What if I further told you that another AI was used to write the new article that you just got emailed and that this AI will monitor whether you read the article, how fast, how far, etc. and tune its writing specifically to your desires that it discovers over time.
That's what's happening (or will very shortly). No humans will be involved in any of this. Just a bunch of computer AI in the background writing things it knows you will consume and that it will teach you to trust. In that way, it will slowly groom you however it's programmed to groom you and only show you things it knows it wants you to see. It will begin programming YOU.
Welcome to Hell.
"I am curious to know if anyone here has experienced something similar, irrespective of where for them that place might be."
I had this experience in the southern an SW part of Ireland. I have some Irish heritage but not much and not recent
Please stop moving here.
Political Junkie,
We humans are running out of space.
Handle you final rest, in any manner that makes you happy. But you don't need an excuse. Some years back, the numbers were run, and every family in America could live in a 2000ft home on an average lot. All of them fitting in Texas.
Room, we got.
"We humans are running out of space."
We seem to have plenty for increasing numbers of wind and solar farms.

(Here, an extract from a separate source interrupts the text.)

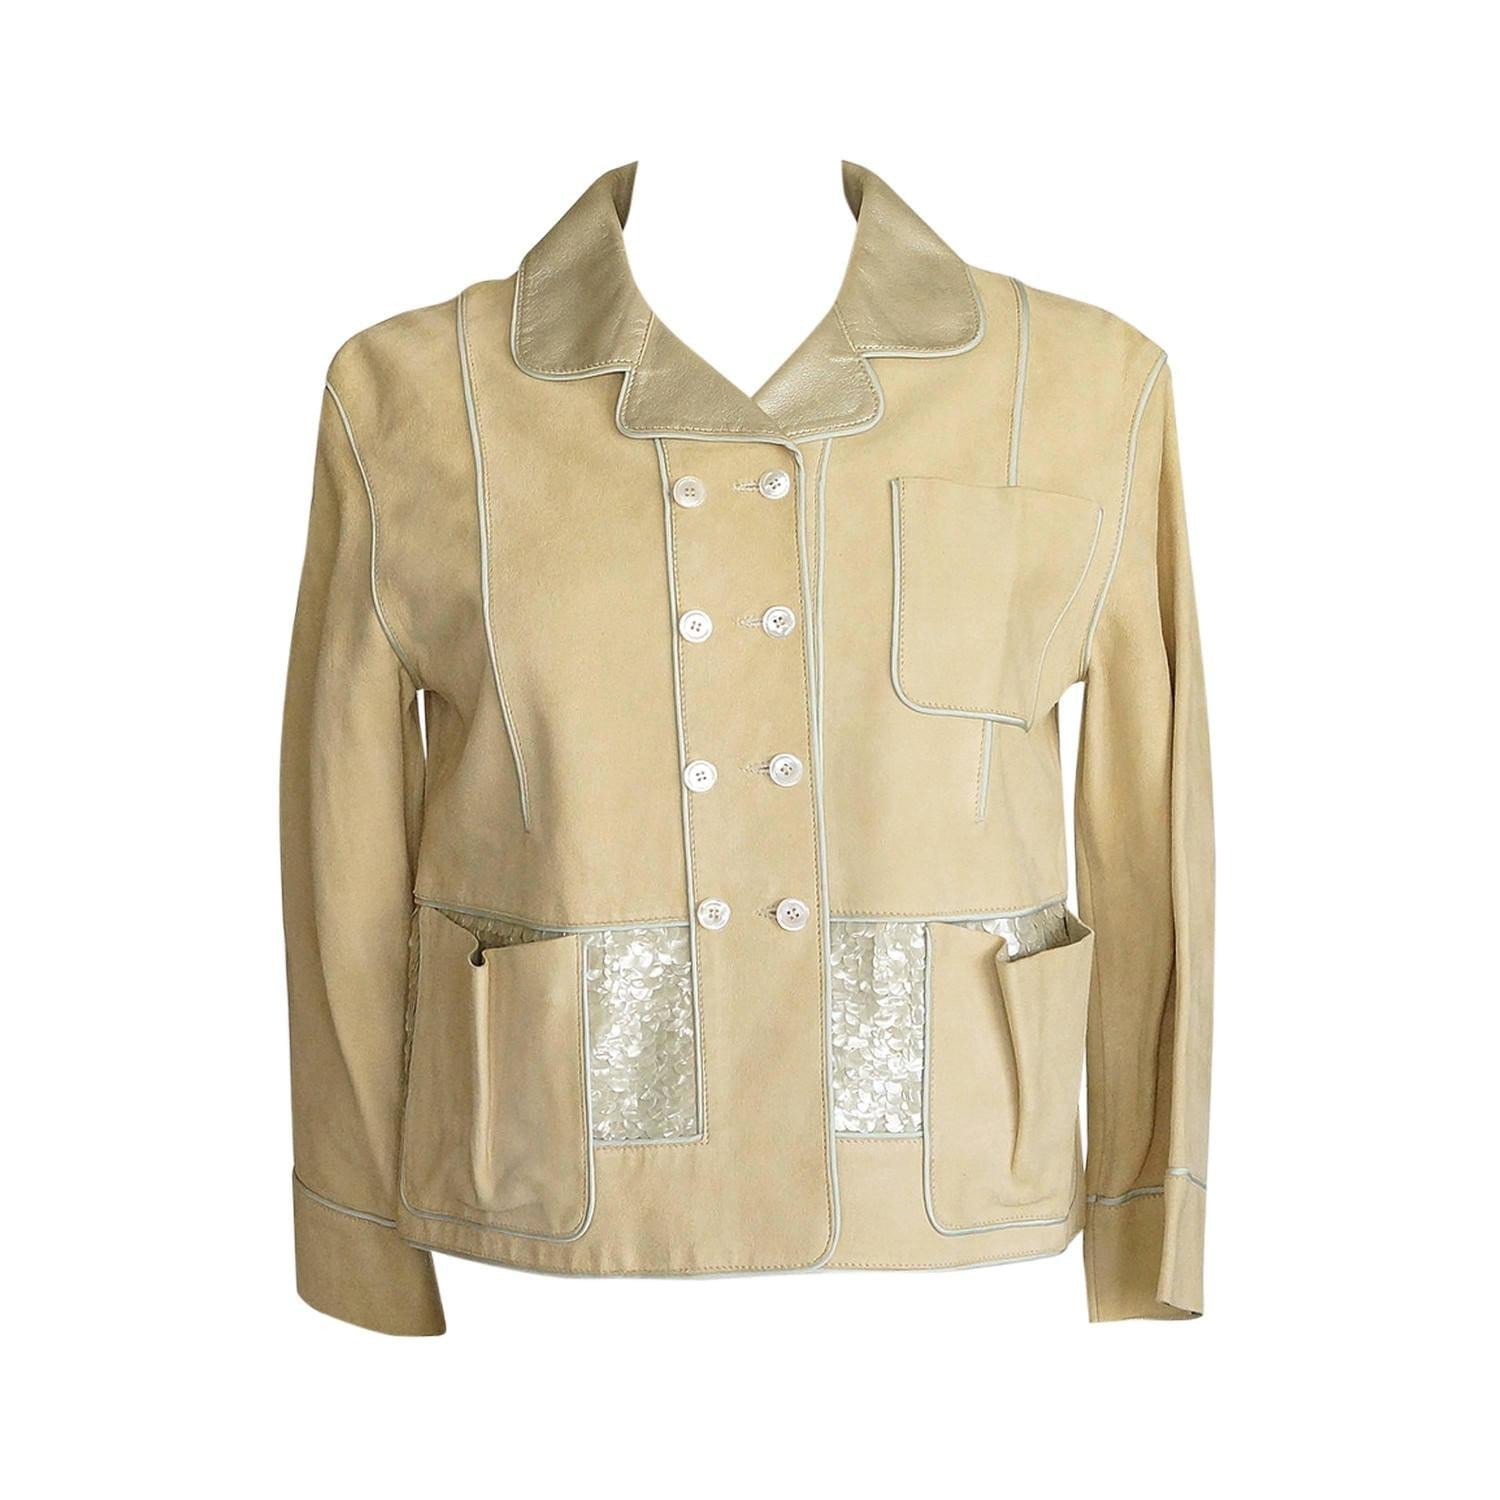 Louis Vuitton Jacket Adorned Suede Paillettes Gold Leather 34 / 4 Do Peek

Leland: I loved this sentiment.
“Home to me has always been where my family is, and more particularly now my wife (as opposed to my parents or children). My wife is who I love, so I guess I found the place where I find happiness. A place I never been before could be home, if she is there with me. It happens quite often when we travel.”
My husband and I both agree this is perfect.
I did find that place and I did move here. Going fishing with those fish heads today.
Home for a lot of people is a word for where they grew up, or their parents lived. Not a description, necessarily, of where they currently or prefer to live.
Conversely, 'home' is used to describe simply the place they most enjoy living, or action that makes them content. Based on the latter, home can actually be anywhere.
Thanks for questioning this article. It was a bit glib.